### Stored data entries
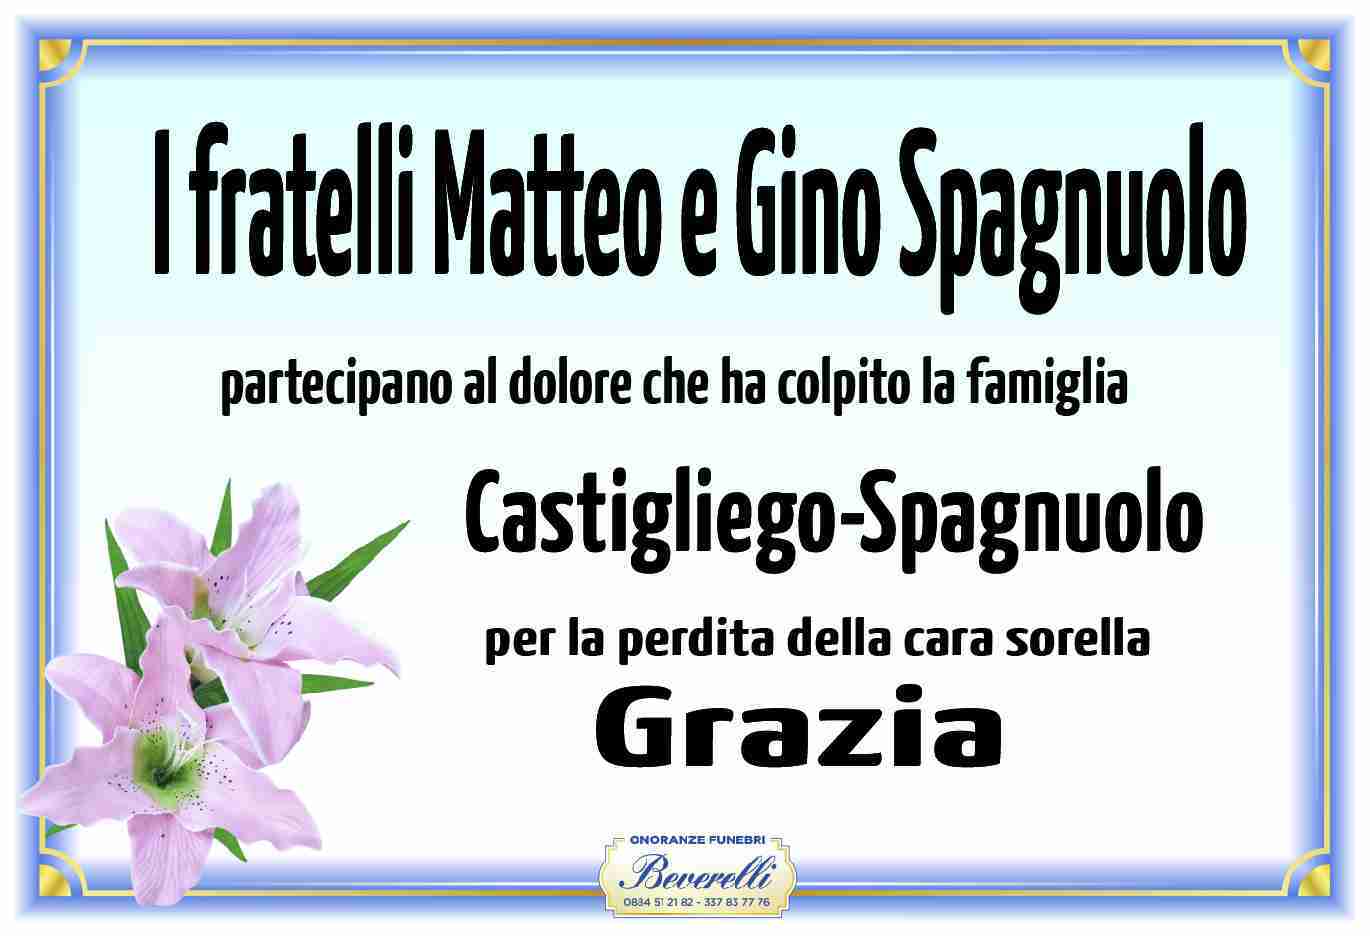 Grazia Spagnuolo
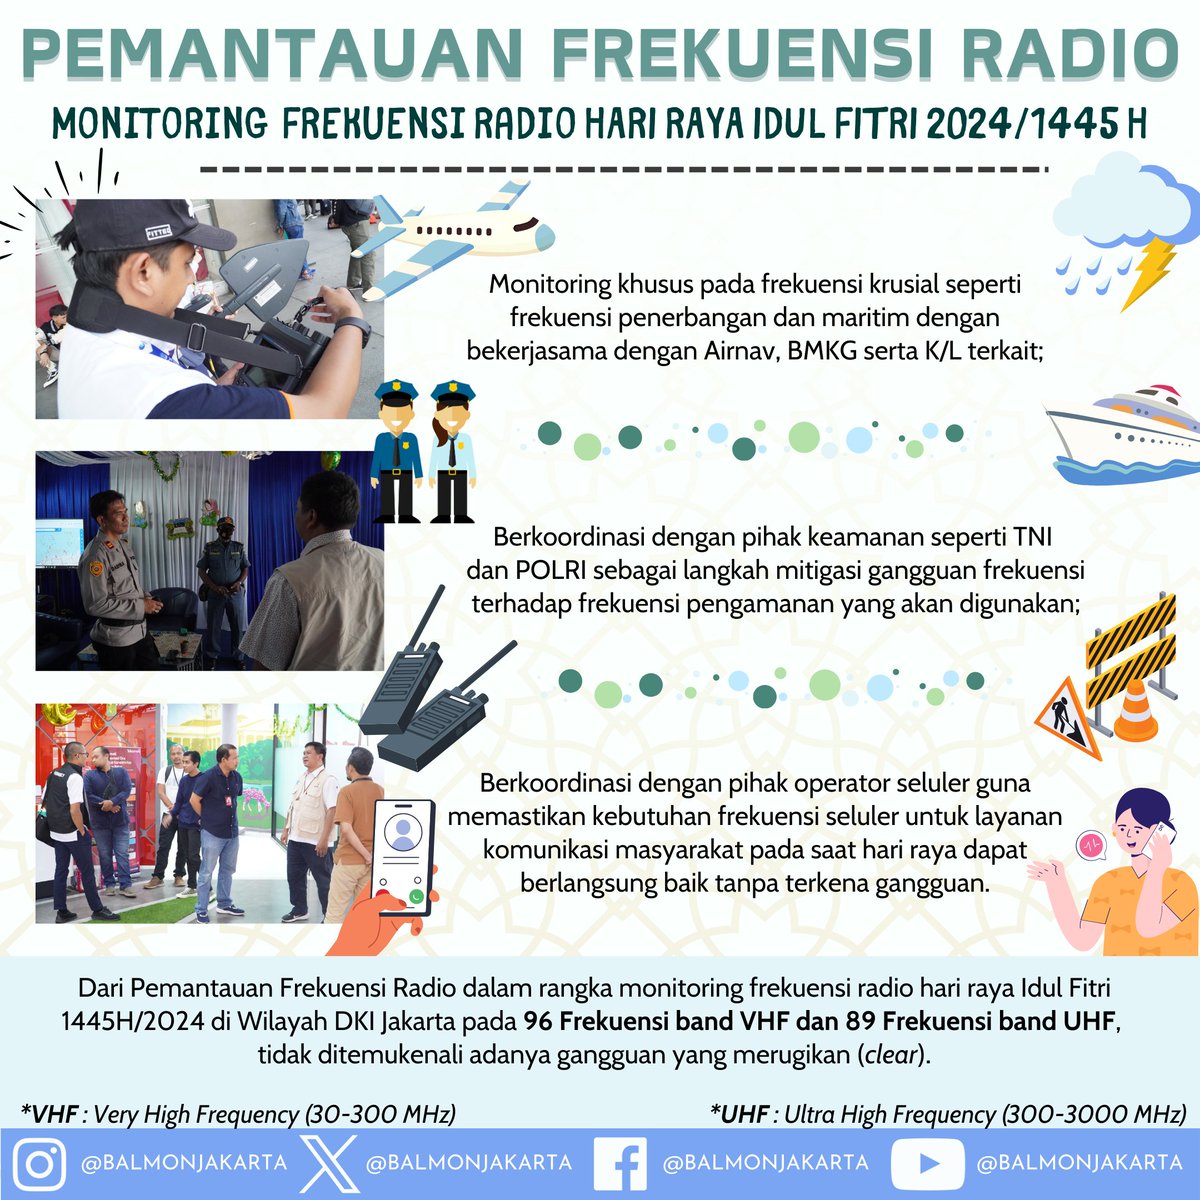 Halo #SahabatFrekuensi 🙏🏽😄
Balmon SFR Kelas I Jakarta turut hadir dalam memberikan pelayanan posko monitoring lebaran selama periode 06 - 15 April 2024

(3)
#IdulFitri #IdulFitri2024 #Lebaran2024 #Lebaran #PoskoLebaran #PoskoMonitoring #MonitoringFrekuensiRadio #FrekuensiRadio

### What is needed
Going through the records above line by line, transcribe each one exactly and skip any pictures.

### Result
 Grazia Spagnuolo
 Halo #SahabatFrekuensi 🙏🏽😄
Balmon SFR Kelas I Jakarta turut hadir dalam memberikan pelayanan posko monitoring lebaran selama periode 06 - 15 April 2024

(3)
#IdulFitri #IdulFitri2024 #Lebaran2024 #Lebaran #PoskoLebaran #PoskoMonitoring #MonitoringFrekuensiRadio #FrekuensiRadio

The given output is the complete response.